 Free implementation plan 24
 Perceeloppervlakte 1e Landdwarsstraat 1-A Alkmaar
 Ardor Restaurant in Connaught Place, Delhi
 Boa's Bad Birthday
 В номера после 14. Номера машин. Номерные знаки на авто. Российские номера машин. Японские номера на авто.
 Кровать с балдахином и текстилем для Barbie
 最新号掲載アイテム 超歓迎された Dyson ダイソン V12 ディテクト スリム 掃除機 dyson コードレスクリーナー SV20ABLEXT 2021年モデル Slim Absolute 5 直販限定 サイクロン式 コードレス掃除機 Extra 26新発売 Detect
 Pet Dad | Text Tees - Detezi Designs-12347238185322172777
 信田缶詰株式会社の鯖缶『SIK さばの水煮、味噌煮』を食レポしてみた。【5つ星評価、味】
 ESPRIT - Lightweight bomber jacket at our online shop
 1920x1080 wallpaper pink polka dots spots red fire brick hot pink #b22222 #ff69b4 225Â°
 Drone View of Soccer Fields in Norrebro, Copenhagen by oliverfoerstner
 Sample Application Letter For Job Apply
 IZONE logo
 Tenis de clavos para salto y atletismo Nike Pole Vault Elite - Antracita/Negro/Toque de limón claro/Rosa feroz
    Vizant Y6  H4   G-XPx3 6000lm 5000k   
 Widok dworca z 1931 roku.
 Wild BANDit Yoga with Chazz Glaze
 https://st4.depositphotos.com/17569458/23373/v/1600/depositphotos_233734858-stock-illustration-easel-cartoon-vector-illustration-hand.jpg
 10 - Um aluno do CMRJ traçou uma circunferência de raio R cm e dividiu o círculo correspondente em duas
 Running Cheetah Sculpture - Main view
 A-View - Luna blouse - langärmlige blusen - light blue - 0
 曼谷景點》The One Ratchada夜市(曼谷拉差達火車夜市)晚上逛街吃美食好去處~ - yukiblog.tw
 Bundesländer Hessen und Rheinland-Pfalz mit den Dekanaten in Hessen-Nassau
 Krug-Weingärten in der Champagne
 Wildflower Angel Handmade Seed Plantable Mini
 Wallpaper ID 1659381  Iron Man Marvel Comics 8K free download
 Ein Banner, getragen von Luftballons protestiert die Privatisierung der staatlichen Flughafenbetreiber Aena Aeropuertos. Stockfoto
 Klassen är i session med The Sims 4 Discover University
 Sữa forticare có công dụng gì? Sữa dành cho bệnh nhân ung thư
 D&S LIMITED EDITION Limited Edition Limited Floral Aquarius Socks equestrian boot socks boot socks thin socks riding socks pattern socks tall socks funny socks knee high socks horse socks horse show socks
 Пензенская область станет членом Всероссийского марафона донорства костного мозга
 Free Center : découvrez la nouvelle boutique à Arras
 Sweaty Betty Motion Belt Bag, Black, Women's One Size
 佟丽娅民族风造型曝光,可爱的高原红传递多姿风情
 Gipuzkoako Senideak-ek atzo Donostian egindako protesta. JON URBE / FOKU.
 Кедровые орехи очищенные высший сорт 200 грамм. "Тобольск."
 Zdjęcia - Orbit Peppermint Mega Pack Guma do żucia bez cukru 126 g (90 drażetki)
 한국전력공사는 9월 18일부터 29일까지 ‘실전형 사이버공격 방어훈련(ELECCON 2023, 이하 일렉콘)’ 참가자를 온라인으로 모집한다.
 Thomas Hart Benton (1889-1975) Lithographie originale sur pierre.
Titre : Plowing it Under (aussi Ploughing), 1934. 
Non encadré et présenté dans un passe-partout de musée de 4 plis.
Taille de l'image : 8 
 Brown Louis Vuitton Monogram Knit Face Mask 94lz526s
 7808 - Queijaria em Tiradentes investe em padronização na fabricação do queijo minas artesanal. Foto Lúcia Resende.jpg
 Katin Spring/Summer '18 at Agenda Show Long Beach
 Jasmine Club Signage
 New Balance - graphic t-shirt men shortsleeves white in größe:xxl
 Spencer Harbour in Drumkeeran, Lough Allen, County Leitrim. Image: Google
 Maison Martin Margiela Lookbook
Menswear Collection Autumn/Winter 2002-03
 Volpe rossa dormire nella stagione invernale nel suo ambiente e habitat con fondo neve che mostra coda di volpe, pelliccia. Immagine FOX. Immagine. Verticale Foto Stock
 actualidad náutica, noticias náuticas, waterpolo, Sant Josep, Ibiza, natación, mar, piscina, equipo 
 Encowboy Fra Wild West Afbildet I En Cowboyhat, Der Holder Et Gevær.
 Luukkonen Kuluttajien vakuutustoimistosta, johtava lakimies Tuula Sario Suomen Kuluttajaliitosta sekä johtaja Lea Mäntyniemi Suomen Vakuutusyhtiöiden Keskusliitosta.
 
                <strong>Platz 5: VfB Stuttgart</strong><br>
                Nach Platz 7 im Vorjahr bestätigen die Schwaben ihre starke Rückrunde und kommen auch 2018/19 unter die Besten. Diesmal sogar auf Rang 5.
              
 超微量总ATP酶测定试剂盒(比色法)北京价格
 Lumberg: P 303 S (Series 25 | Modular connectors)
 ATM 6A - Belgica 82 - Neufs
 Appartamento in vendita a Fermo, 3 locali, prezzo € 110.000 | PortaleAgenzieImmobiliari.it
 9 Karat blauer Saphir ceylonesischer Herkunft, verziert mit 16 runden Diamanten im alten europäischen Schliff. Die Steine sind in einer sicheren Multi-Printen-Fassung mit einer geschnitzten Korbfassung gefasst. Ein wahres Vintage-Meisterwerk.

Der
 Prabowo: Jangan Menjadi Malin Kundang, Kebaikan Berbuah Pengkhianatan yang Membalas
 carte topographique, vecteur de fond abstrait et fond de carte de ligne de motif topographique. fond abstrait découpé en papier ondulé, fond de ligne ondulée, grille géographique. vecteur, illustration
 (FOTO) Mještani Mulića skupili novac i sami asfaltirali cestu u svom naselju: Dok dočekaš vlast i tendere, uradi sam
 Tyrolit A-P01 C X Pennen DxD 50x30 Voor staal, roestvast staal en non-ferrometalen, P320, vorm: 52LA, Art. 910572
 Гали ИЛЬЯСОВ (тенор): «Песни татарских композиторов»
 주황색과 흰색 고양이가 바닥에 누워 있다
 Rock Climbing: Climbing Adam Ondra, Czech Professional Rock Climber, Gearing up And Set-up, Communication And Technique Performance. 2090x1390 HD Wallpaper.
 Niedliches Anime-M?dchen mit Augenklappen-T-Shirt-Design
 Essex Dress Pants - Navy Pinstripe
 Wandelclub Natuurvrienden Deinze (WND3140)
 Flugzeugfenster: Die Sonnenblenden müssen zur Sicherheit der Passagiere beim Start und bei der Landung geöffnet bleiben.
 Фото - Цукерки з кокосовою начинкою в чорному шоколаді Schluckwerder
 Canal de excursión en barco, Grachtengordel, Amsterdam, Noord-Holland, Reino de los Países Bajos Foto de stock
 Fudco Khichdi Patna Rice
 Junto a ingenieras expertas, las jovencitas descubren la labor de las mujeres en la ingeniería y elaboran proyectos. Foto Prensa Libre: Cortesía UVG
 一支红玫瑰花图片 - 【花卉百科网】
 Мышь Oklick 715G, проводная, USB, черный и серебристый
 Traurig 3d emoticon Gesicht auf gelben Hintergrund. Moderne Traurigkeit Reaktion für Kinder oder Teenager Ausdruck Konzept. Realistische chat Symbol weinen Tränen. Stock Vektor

★ ★ ★ ★ ★

◆ **YOUR TASK**: Write out each record again, keeping every word as it is.

◆ **FINAL ANSWER**:
 Free implementation plan 24
 Perceeloppervlakte 1e Landdwarsstraat 1-A Alkmaar
 Ardor Restaurant in Connaught Place, Delhi
 Boa's Bad Birthday
 В номера после 14. Номера машин. Номерные знаки на авто. Российские номера машин. Японские номера на авто.
 Кровать с балдахином и текстилем для Barbie
 最新号掲載アイテム 超歓迎された Dyson ダイソン V12 ディテクト スリム 掃除機 dyson コードレスクリーナー SV20ABLEXT 2021年モデル Slim Absolute 5 直販限定 サイクロン式 コードレス掃除機 Extra 26新発売 Detect
 Pet Dad | Text Tees - Detezi Designs-12347238185322172777
 信田缶詰株式会社の鯖缶『SIK さばの水煮、味噌煮』を食レポしてみた。【5つ星評価、味】
 ESPRIT - Lightweight bomber jacket at our online shop
 1920x1080 wallpaper pink polka dots spots red fire brick hot pink #b22222 #ff69b4 225Â°
 Drone View of Soccer Fields in Norrebro, Copenhagen by oliverfoerstner
 Sample Application Letter For Job Apply
 IZONE logo
 Tenis de clavos para salto y atletismo Nike Pole Vault Elite - Antracita/Negro/Toque de limón claro/Rosa feroz
    Vizant Y6  H4   G-XPx3 6000lm 5000k   
 Widok dworca z 1931 roku.
 Wild BANDit Yoga with Chazz Glaze
 https://st4.depositphotos.com/17569458/23373/v/1600/depositphotos_233734858-stock-illustration-easel-cartoon-vector-illustration-hand.jpg
 10 - Um aluno do CMRJ traçou uma circunferência de raio R cm e dividiu o círculo correspondente em duas
 Running Cheetah Sculpture - Main view
 A-View - Luna blouse - langärmlige blusen - light blue - 0
 曼谷景點》The One Ratchada夜市(曼谷拉差達火車夜市)晚上逛街吃美食好去處~ - yukiblog.tw
 Bundesländer Hessen und Rheinland-Pfalz mit den Dekanaten in Hessen-Nassau
 Krug-Weingärten in der Champagne
 Wildflower Angel Handmade Seed Plantable Mini
 Wallpaper ID 1659381  Iron Man Marvel Comics 8K free download
 Ein Banner, getragen von Luftballons protestiert die Privatisierung der staatlichen Flughafenbetreiber Aena Aeropuertos. Stockfoto
 Klassen är i session med The Sims 4 Discover University
 Sữa forticare có công dụng gì? Sữa dành cho bệnh nhân ung thư
 D&S LIMITED EDITION Limited Edition Limited Floral Aquarius Socks equestrian boot socks boot socks thin socks riding socks pattern socks tall socks funny socks knee high socks horse socks horse show socks
 Пензенская область станет членом Всероссийского марафона донорства костного мозга
 Free Center : découvrez la nouvelle boutique à Arras
 Sweaty Betty Motion Belt Bag, Black, Women's One Size
 佟丽娅民族风造型曝光,可爱的高原红传递多姿风情
 Gipuzkoako Senideak-ek atzo Donostian egindako protesta. JON URBE / FOKU.
 Кедровые орехи очищенные высший сорт 200 грамм. "Тобольск."
 Zdjęcia - Orbit Peppermint Mega Pack Guma do żucia bez cukru 126 g (90 drażetki)
 한국전력공사는 9월 18일부터 29일까지 ‘실전형 사이버공격 방어훈련(ELECCON 2023, 이하 일렉콘)’ 참가자를 온라인으로 모집한다.
 Thomas Hart Benton (1889-1975) Lithographie originale sur pierre.
Titre : Plowing it Under (aussi Ploughing), 1934. 
Non encadré et présenté dans un passe-partout de musée de 4 plis.
Taille de l'image : 8 
 Brown Louis Vuitton Monogram Knit Face Mask 94lz526s
 7808 - Queijaria em Tiradentes investe em padronização na fabricação do queijo minas artesanal. Foto Lúcia Resende.jpg
 Katin Spring/Summer '18 at Agenda Show Long Beach
 Jasmine Club Signage
 New Balance - graphic t-shirt men shortsleeves white in größe:xxl
 Spencer Harbour in Drumkeeran, Lough Allen, County Leitrim. Image: Google
 Maison Martin Margiela Lookbook
Menswear Collection Autumn/Winter 2002-03
 Volpe rossa dormire nella stagione invernale nel suo ambiente e habitat con fondo neve che mostra coda di volpe, pelliccia. Immagine FOX. Immagine. Verticale Foto Stock
 actualidad náutica, noticias náuticas, waterpolo, Sant Josep, Ibiza, natación, mar, piscina, equipo 
 Encowboy Fra Wild West Afbildet I En Cowboyhat, Der Holder Et Gevær.
 Luukkonen Kuluttajien vakuutustoimistosta, johtava lakimies Tuula Sario Suomen Kuluttajaliitosta sekä johtaja Lea Mäntyniemi Suomen Vakuutusyhtiöiden Keskusliitosta.
 
                <strong>Platz 5: VfB Stuttgart</strong><br>
                Nach Platz 7 im Vorjahr bestätigen die Schwaben ihre starke Rückrunde und kommen auch 2018/19 unter die Besten. Diesmal sogar auf Rang 5.
              
 超微量总ATP酶测定试剂盒(比色法)北京价格
 Lumberg: P 303 S (Series 25 | Modular connectors)
 ATM 6A - Belgica 82 - Neufs
 Appartamento in vendita a Fermo, 3 locali, prezzo € 110.000 | PortaleAgenzieImmobiliari.it
 9 Karat blauer Saphir ceylonesischer Herkunft, verziert mit 16 runden Diamanten im alten europäischen Schliff. Die Steine sind in einer sicheren Multi-Printen-Fassung mit einer geschnitzten Korbfassung gefasst. Ein wahres Vintage-Meisterwerk.

Der
 Prabowo: Jangan Menjadi Malin Kundang, Kebaikan Berbuah Pengkhianatan yang Membalas
 carte topographique, vecteur de fond abstrait et fond de carte de ligne de motif topographique. fond abstrait découpé en papier ondulé, fond de ligne ondulée, grille géographique. vecteur, illustration
 (FOTO) Mještani Mulića skupili novac i sami asfaltirali cestu u svom naselju: Dok dočekaš vlast i tendere, uradi sam
 Tyrolit A-P01 C X Pennen DxD 50x30 Voor staal, roestvast staal en non-ferrometalen, P320, vorm: 52LA, Art. 910572
 Гали ИЛЬЯСОВ (тенор): «Песни татарских композиторов»
 주황색과 흰색 고양이가 바닥에 누워 있다
 Rock Climbing: Climbing Adam Ondra, Czech Professional Rock Climber, Gearing up And Set-up, Communication And Technique Performance. 2090x1390 HD Wallpaper.
 Niedliches Anime-M?dchen mit Augenklappen-T-Shirt-Design
 Essex Dress Pants - Navy Pinstripe
 Wandelclub Natuurvrienden Deinze (WND3140)
 Flugzeugfenster: Die Sonnenblenden müssen zur Sicherheit der Passagiere beim Start und bei der Landung geöffnet bleiben.
 Фото - Цукерки з кокосовою начинкою в чорному шоколаді Schluckwerder
 Canal de excursión en barco, Grachtengordel, Amsterdam, Noord-Holland, Reino de los Países Bajos Foto de stock
 Fudco Khichdi Patna Rice
 Junto a ingenieras expertas, las jovencitas descubren la labor de las mujeres en la ingeniería y elaboran proyectos. Foto Prensa Libre: Cortesía UVG
 一支红玫瑰花图片 - 【花卉百科网】
 Мышь Oklick 715G, проводная, USB, черный и серебристый
 Traurig 3d emoticon Gesicht auf gelben Hintergrund. Moderne Traurigkeit Reaktion für Kinder oder Teenager Ausdruck Konzept. Realistische chat Symbol weinen Tränen. Stock Vektor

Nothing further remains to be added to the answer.